Two Big Beautiful Tax Deductions: What Employers Need to Know

On July 4, 2025, President Donald Trump signed the “One Big Beautiful Bill” into law. Among its sweeping provisions are two significant changes for wage and hour compliance that employers should be aware of: the creation of federal income tax deductions for employee tips and certain overtime compensation. Both changes are poised to impact businesses and workers beginning in the 2025 tax year and lasting until 2028.

No Tax on Tips

Previously, the IRS treated all voluntary cash and non-cash tips as taxable income that was required to be reported to employers monthly. However, effective January 1, 2025, employees who “customarily and regularly received tips on or before December 31, 2024,” may now deduct up to $25,000 in tips from their federal taxable income. This deduction phases out for earners whose adjusted gross income exceeds $150,000, reducing the deduction by $100 for each $1,000.

No Tax on Overtime

The Bill also establishes a tax deduction for “qualified overtime compensation,” defined as “overtime compensation paid to an individual required under Section 7 of the Fair Labor Standards Act [(FLSA)] that is in excess of the regular rate.” Employees may deduct $12,500 in qualified overtime pay from federal taxable income. Similarly, this deduction phases out for earners whose adjusted gross income exceeds $150,000.

Note: This deduction does not apply to overtime required under state laws or collective bargaining agreements.

What Employers Need to Know

These deductions are in addition to the standard deduction for individual income tax filers and require updated payroll reporting practices. To ensure compliance, employers must:

  • Ensure accurate tracking of tips and qualified overtime compensation;
  • Report the total amount of tips and/or qualified overtime compensation on Forms W-2 and 1099; and
  • Include occupation details of the recipient on the applicable tax form.

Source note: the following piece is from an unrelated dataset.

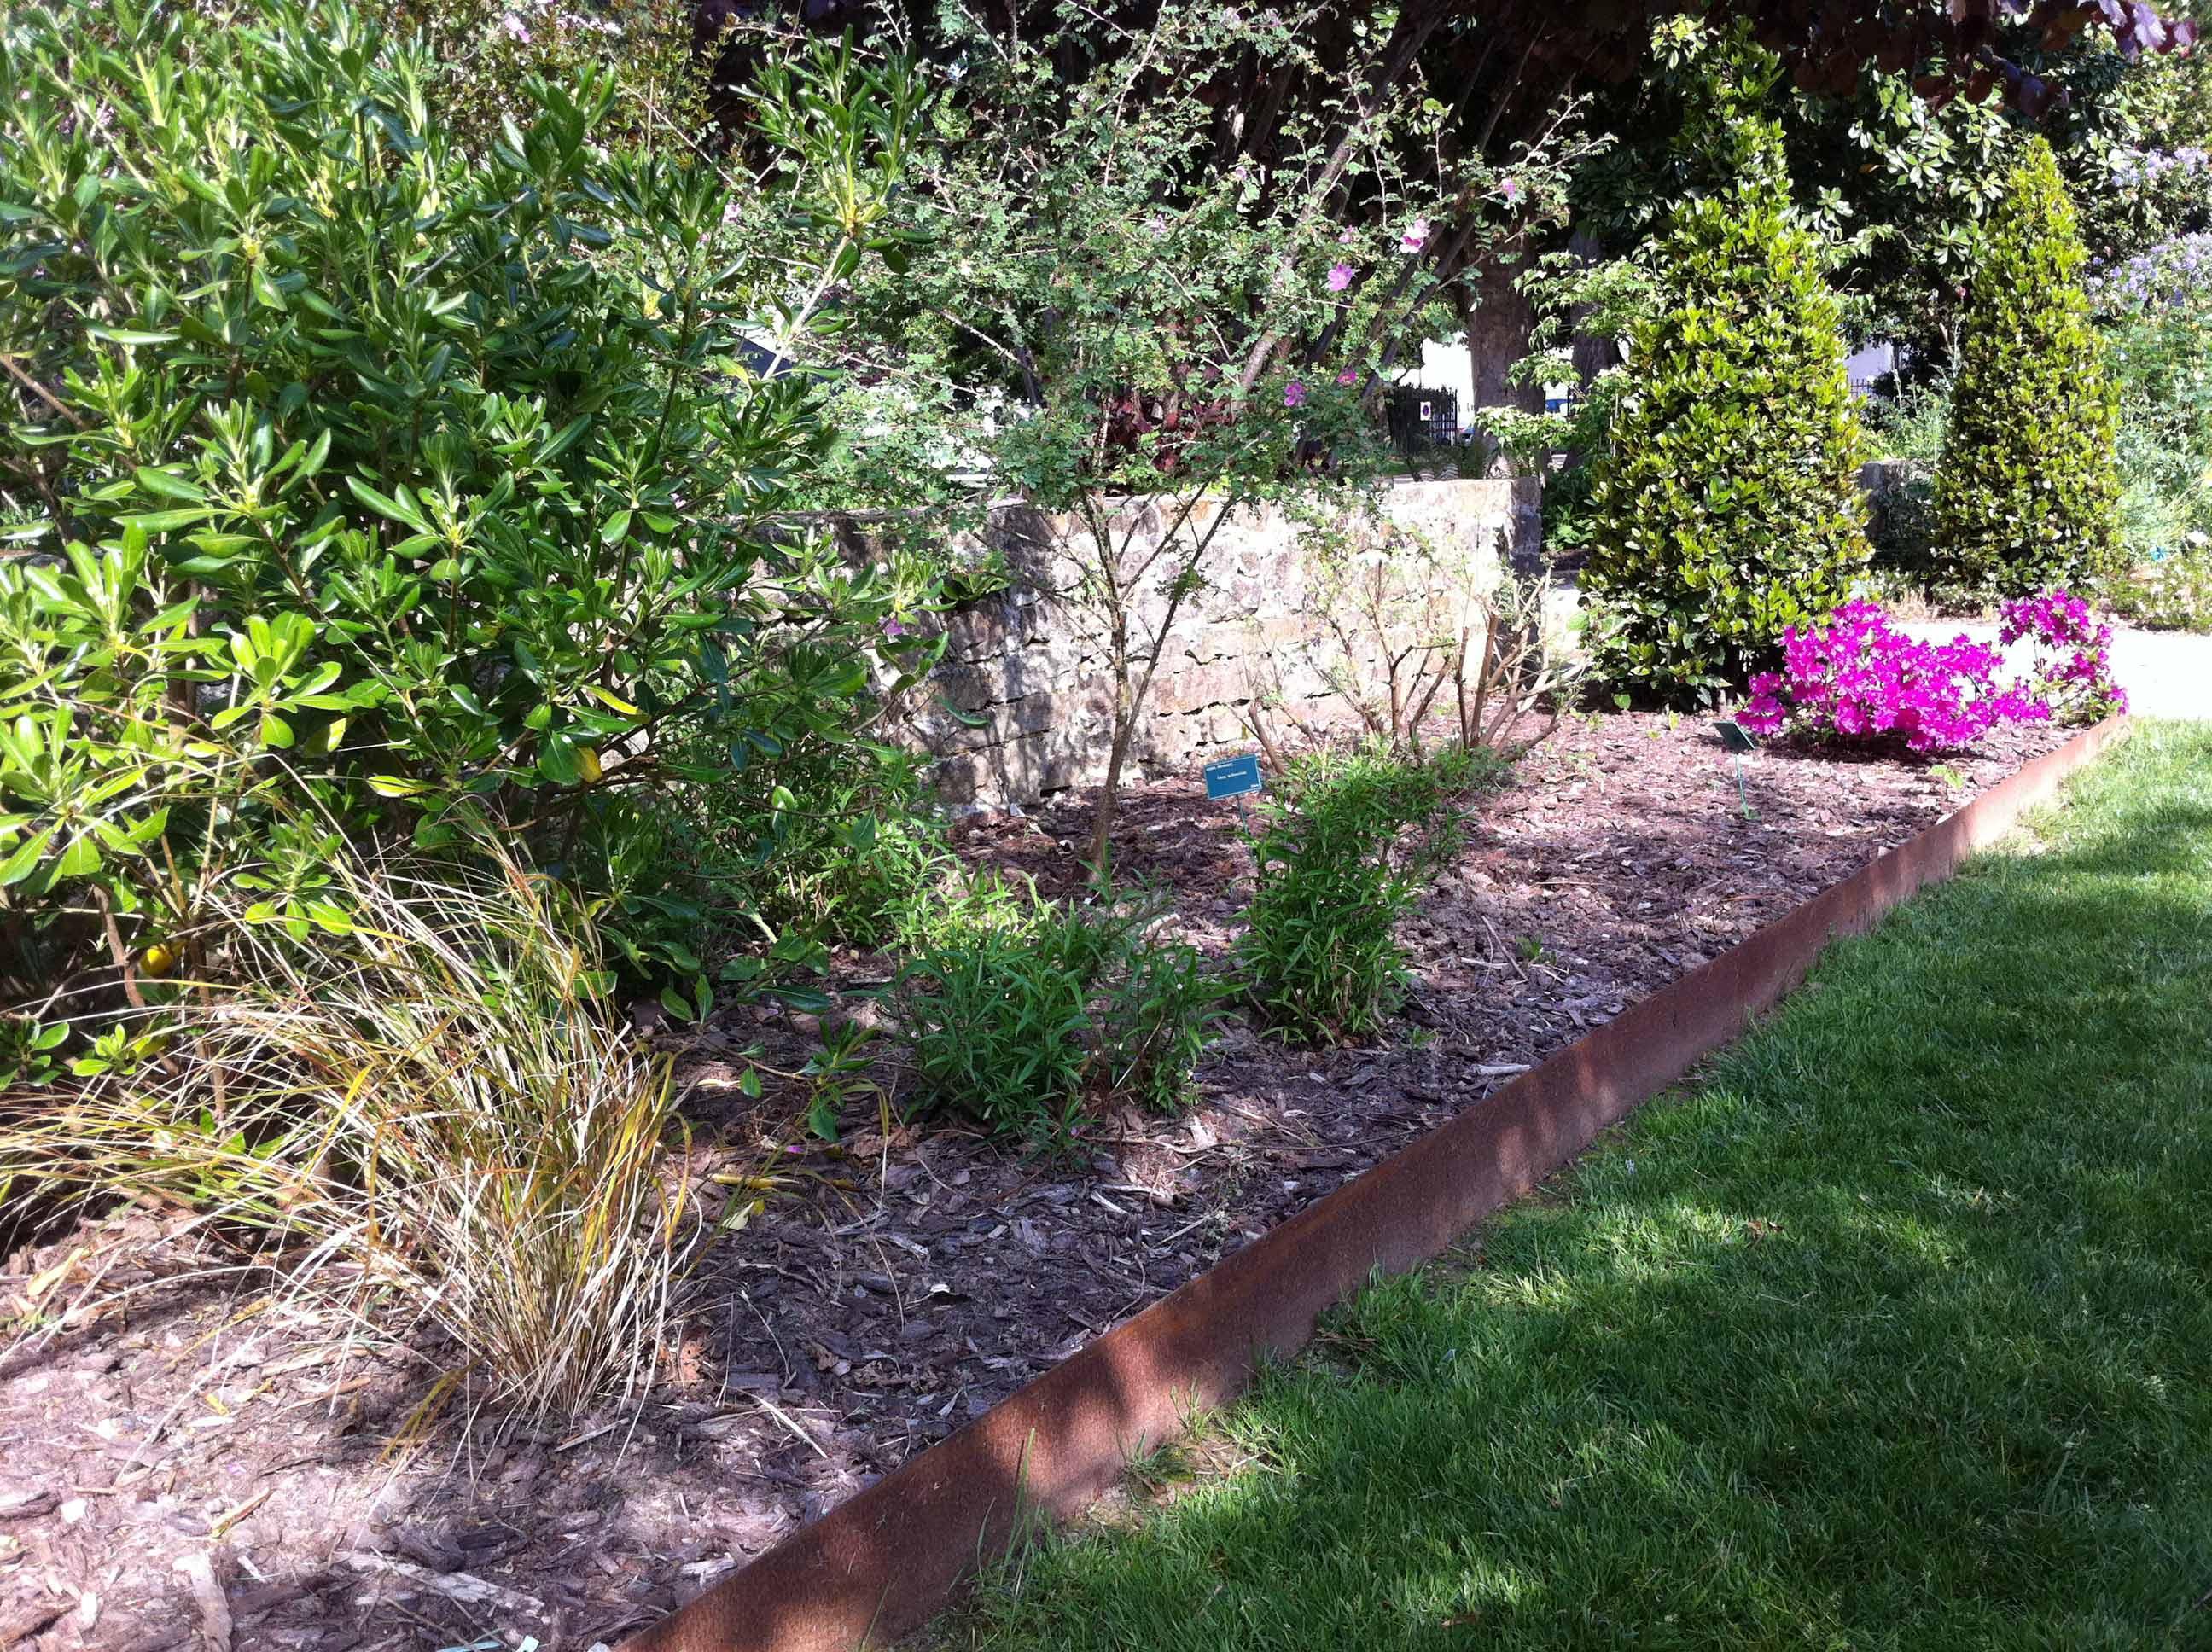 à quoi sert une bordure de jardin ?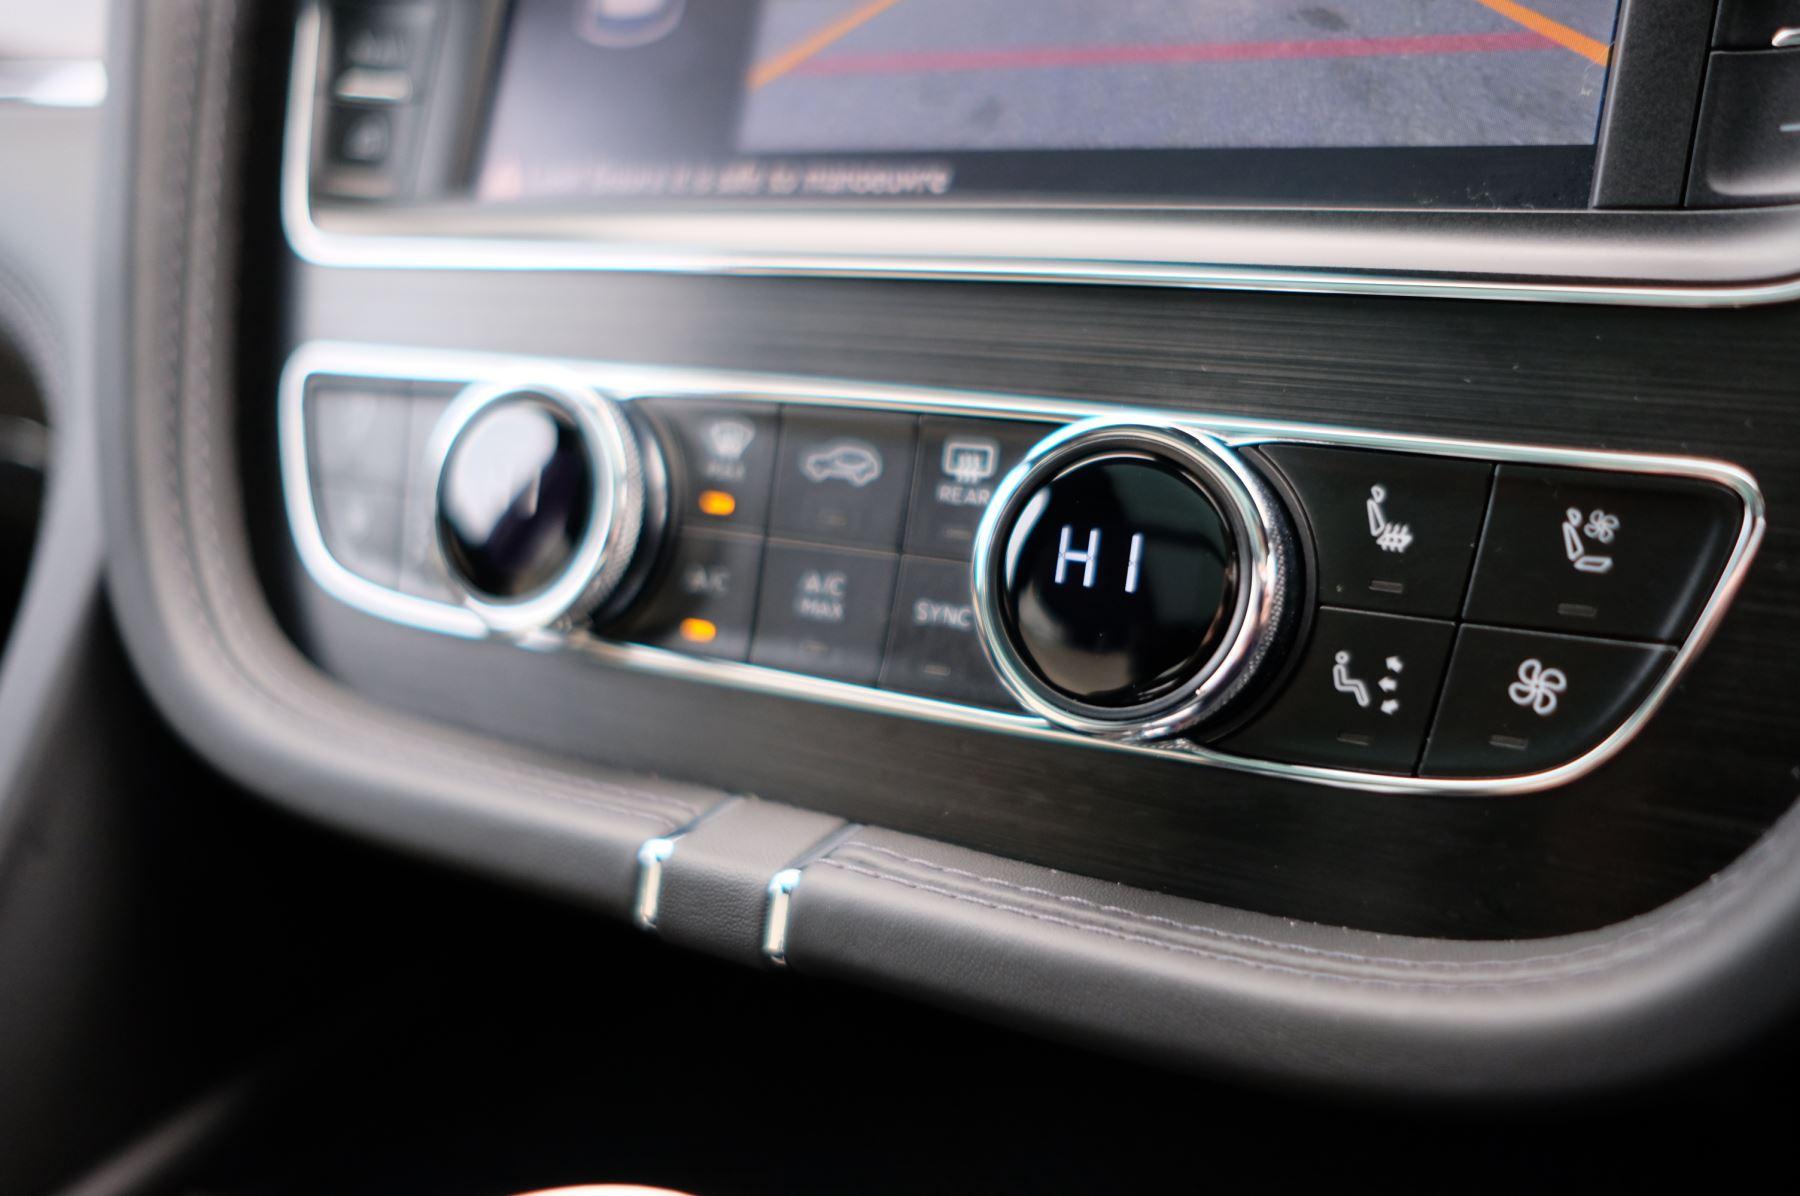 Bentley Bentayga Diesel 4.0 V8 Mulliner Driving Spec 5dr Auto - 7 Seat Specification image 24

The IRS will provide transition relief for the 2025 tax year to employers subject to these new reporting requirements. Although the IRS has not yet issued formal guidance, the KMK Labor & Employment Team is closely monitoring developments and will provide updates as regulatory guidance becomes available. In the meantime, employers should begin reviewing their reporting practices to prepare for compliance in the 2025 tax year.